START Data block

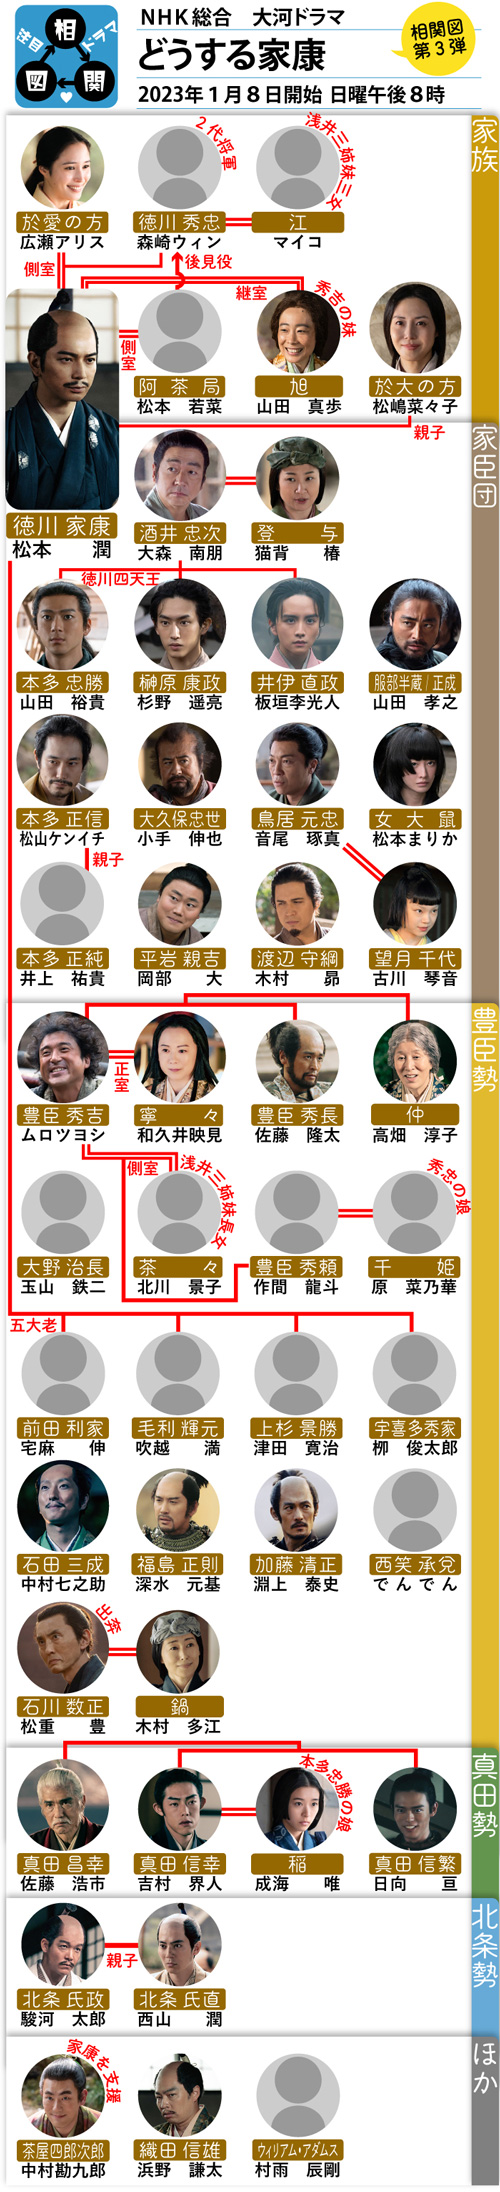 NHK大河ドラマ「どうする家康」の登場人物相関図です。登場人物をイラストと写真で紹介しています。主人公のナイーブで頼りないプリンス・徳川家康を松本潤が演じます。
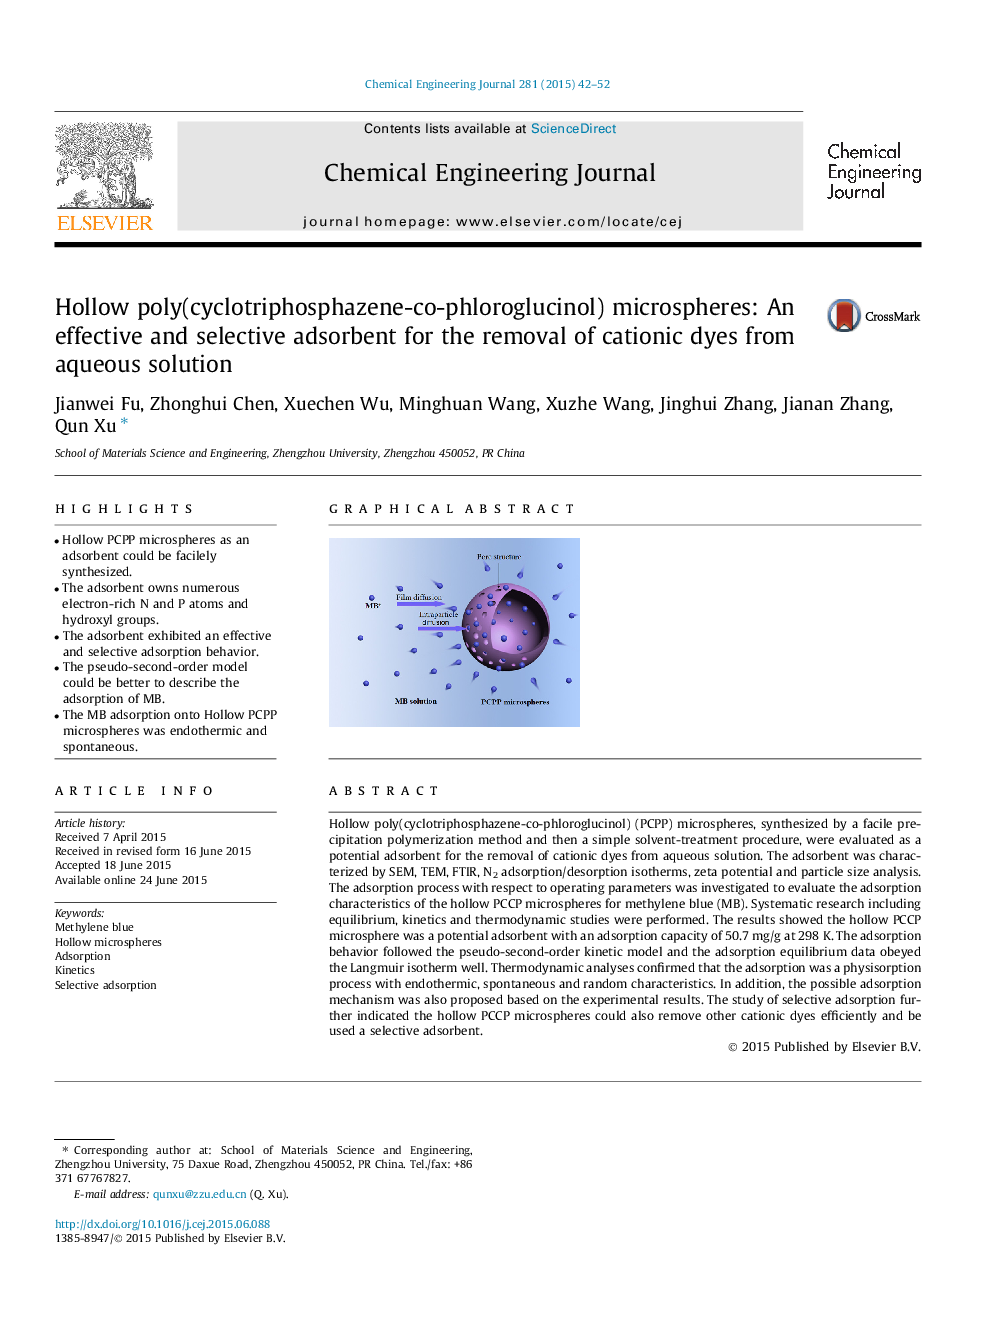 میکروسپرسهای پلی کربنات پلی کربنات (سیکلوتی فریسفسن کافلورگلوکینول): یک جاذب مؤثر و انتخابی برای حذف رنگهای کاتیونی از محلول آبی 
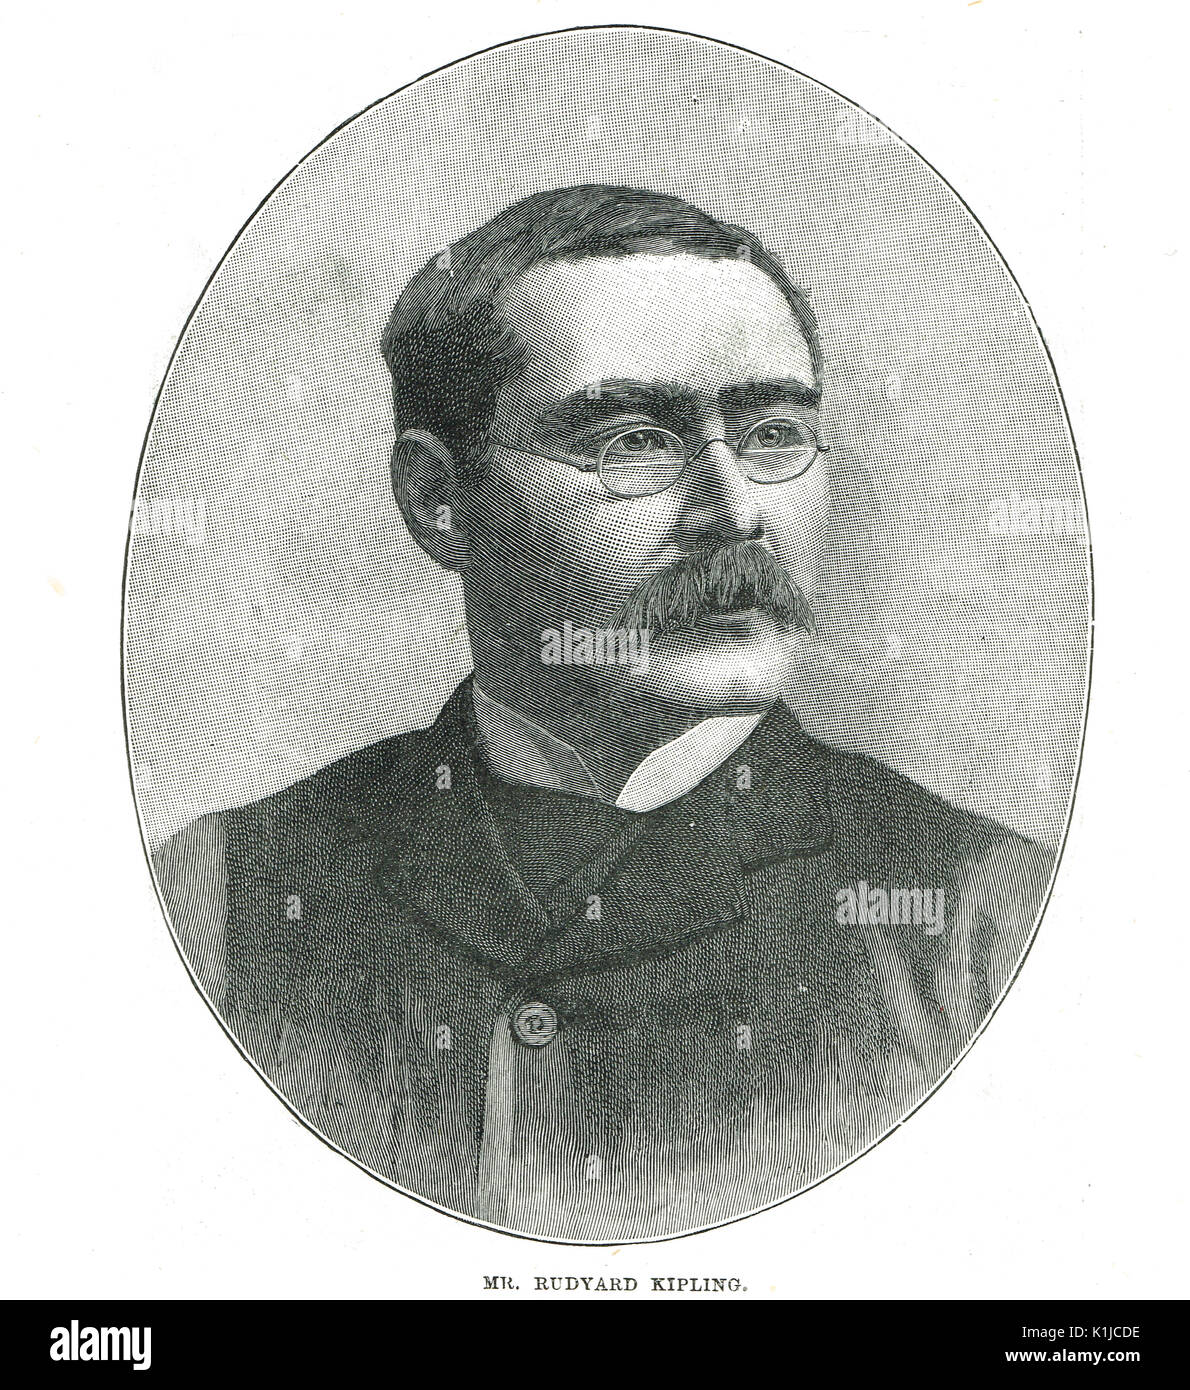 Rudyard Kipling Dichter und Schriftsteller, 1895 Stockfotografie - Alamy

END Data block

**Exercise**
Nothing but an exact transcription of the material, without pictures, should be returned.

**Solution below**
 NHK大河ドラマ「どうする家康」の登場人物相関図です。登場人物をイラストと写真で紹介しています。主人公のナイーブで頼りないプリンス・徳川家康を松本潤が演じます。
 میکروسپرسهای پلی کربنات پلی کربنات (سیکلوتی فریسفسن کافلورگلوکینول): یک جاذب مؤثر و انتخابی برای حذف رنگهای کاتیونی از محلول آبی 
 Rudyard Kipling Dichter und Schriftsteller, 1895 Stockfotografie - Alamy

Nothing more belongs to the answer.